Skip to main content

Selecting Columns

Overview

Column selection is one of the most common operations in pandas. There are several ways to select columns, each with different use cases and behaviors.

The main approaches:

  • Bracket notation: df['col'] or df[['col1', 'col2']]
  • Dot notation: df.col
  • loc/iloc: df.loc[:, 'col'] or df.iloc[:, 0]
  • Column methods: filter(), select_dtypes()

Single Column Selection

The most common way to select a single column:

Single column with brackets - returns Series
import pandas as pd

df = pd.DataFrame({
'name': ['Alice', 'Bob', 'Charlie'],
'age': [25, 30, 35],
'city': ['NYC', 'LA', 'Chicago']
})

# Returns a Series
column = df['age']
type(column) # pandas.core.series.Series

print(column)
# 0 25
# 1 30
# 2 35
# Name: age, dtype: int64

A single bracket returns a Series, which is a 1D labeled array.

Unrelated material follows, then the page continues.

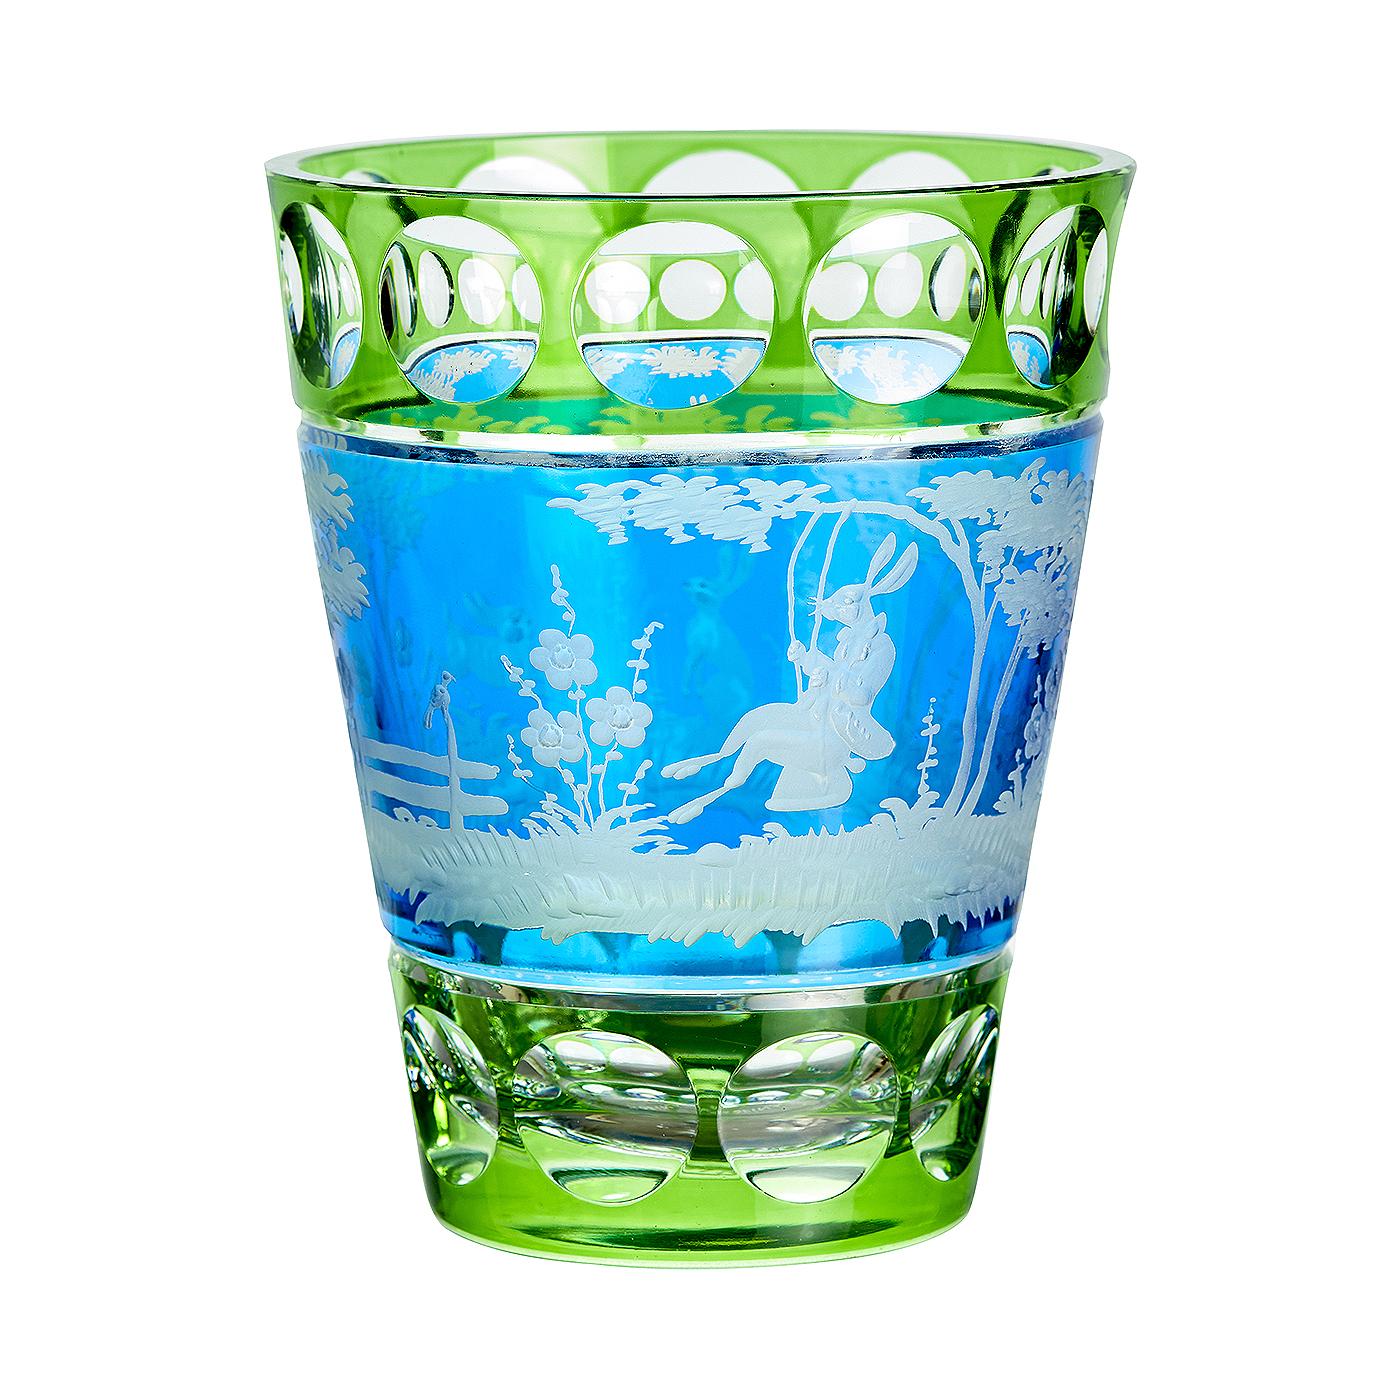 Vase en cristal soufflé à la main en verre vert et bleu avec une scène orientale vintage. Le décor est un décor de Pâques avec 2 lapins gravés à main levée dans un style naturaliste. Entièrement soufflé et gravé à la main en Bavière/Allemagne. Le
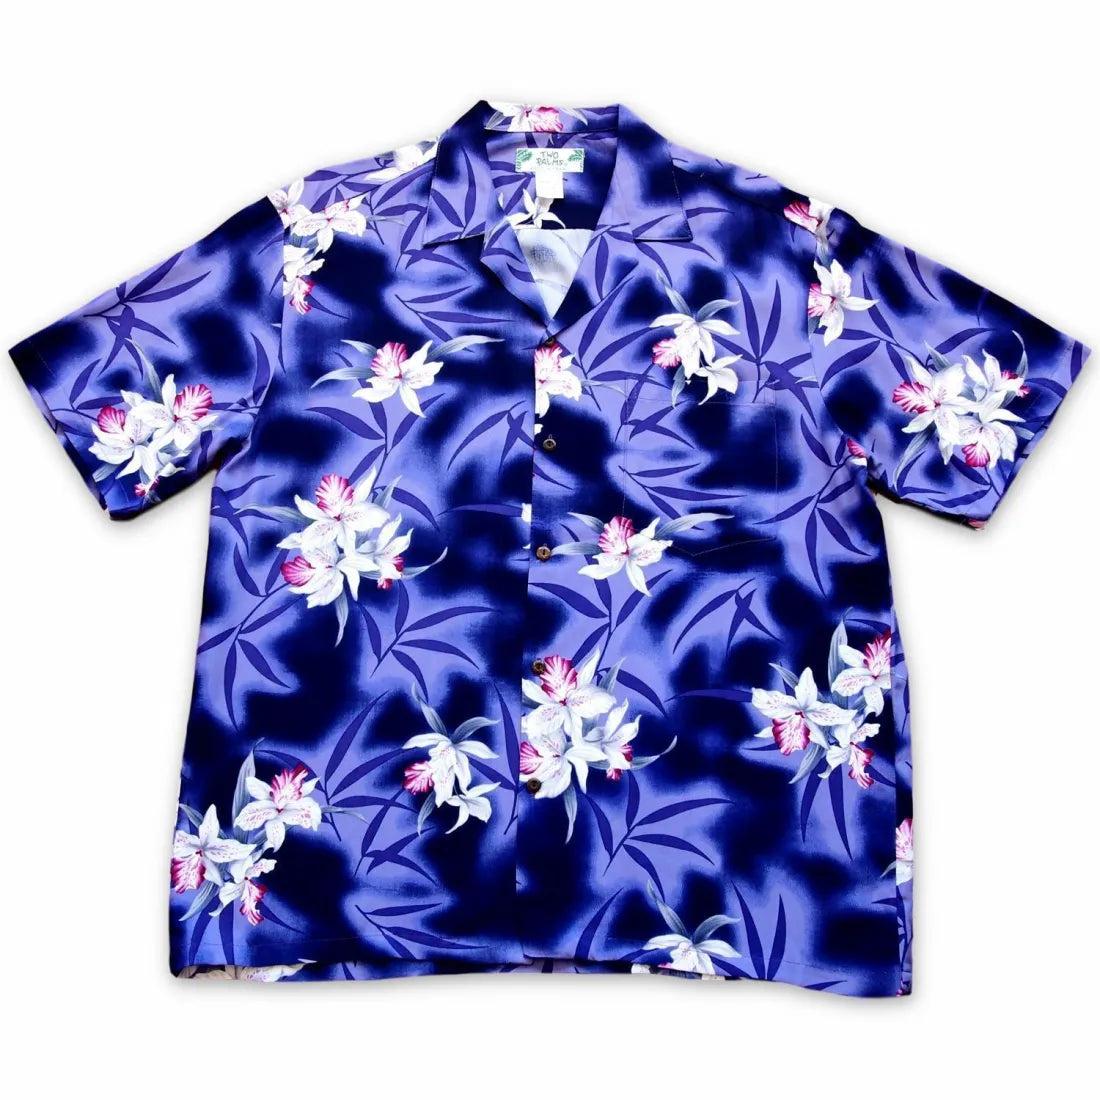 Poipu Purple Hawaiian Rayon Shirt - Made In Hawaii

Dot Notation (Convenient but Limited)

Access columns as attributes:

Dot notation - convenient for simple names
# Same as df['age']
df.age

# Works for exploration and quick access
df.name
df.city

Limitations of dot notation:

When dot notation doesn't work
# Column names with spaces
df['first name'] # Works
df.first
name # SyntaxError!

# Column names that match DataFrame methods
df['count'] # Works
df.count # Returns a method, not the column!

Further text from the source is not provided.